_WHAT TO DO_.
The data below holds a line containing "Flute Champagne Plastique Cristal 14cl-10" and a line containing "solnedgång himmel med"; please quote exactly those two lines and every line between them, and nothing else.

_DATA TO PROCESS_.
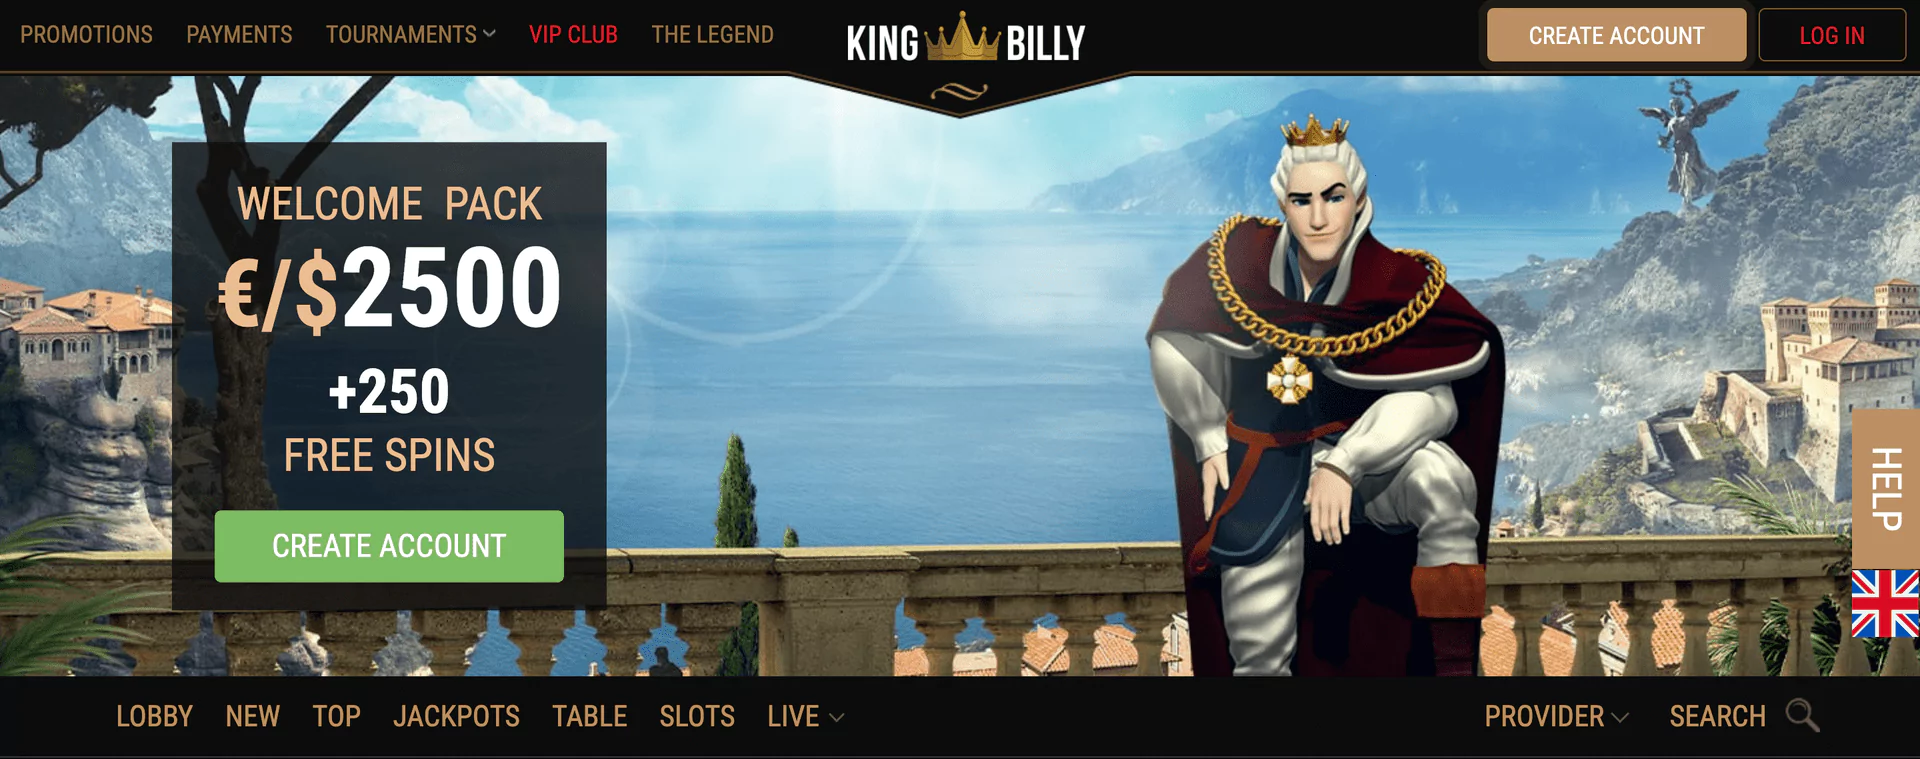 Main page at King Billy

---

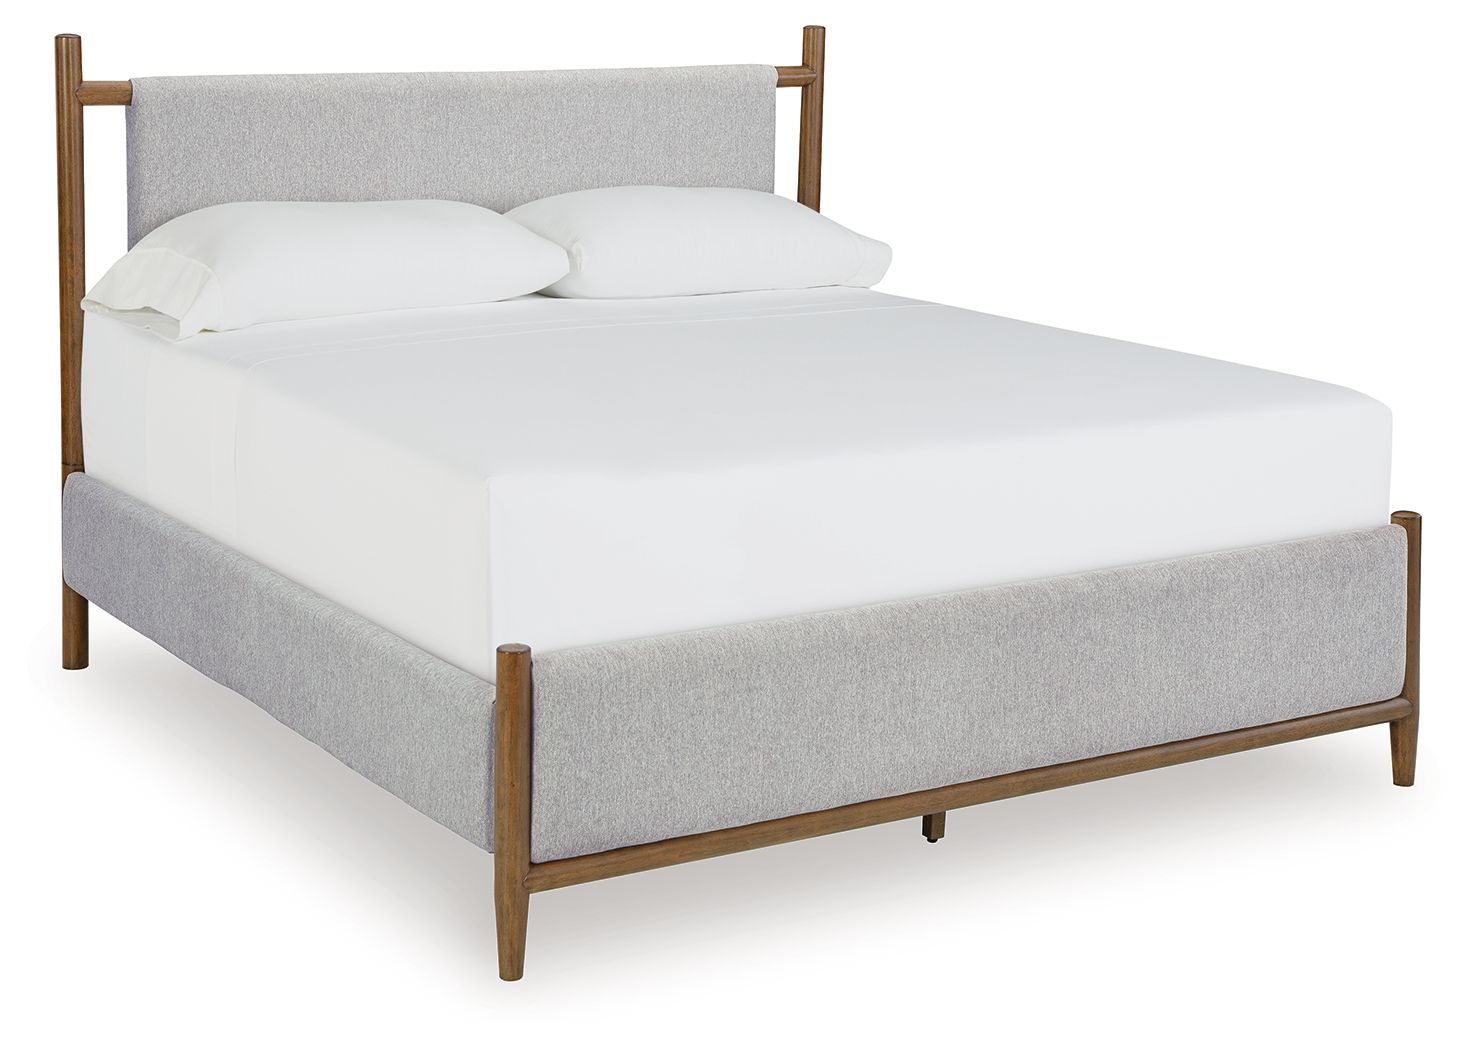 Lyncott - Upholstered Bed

...

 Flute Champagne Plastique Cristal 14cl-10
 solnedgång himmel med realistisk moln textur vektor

_YOUR RESPONSE_.
 Flute Champagne Plastique Cristal 14cl-10
 solnedgång himmel med realistisk moln textur vektor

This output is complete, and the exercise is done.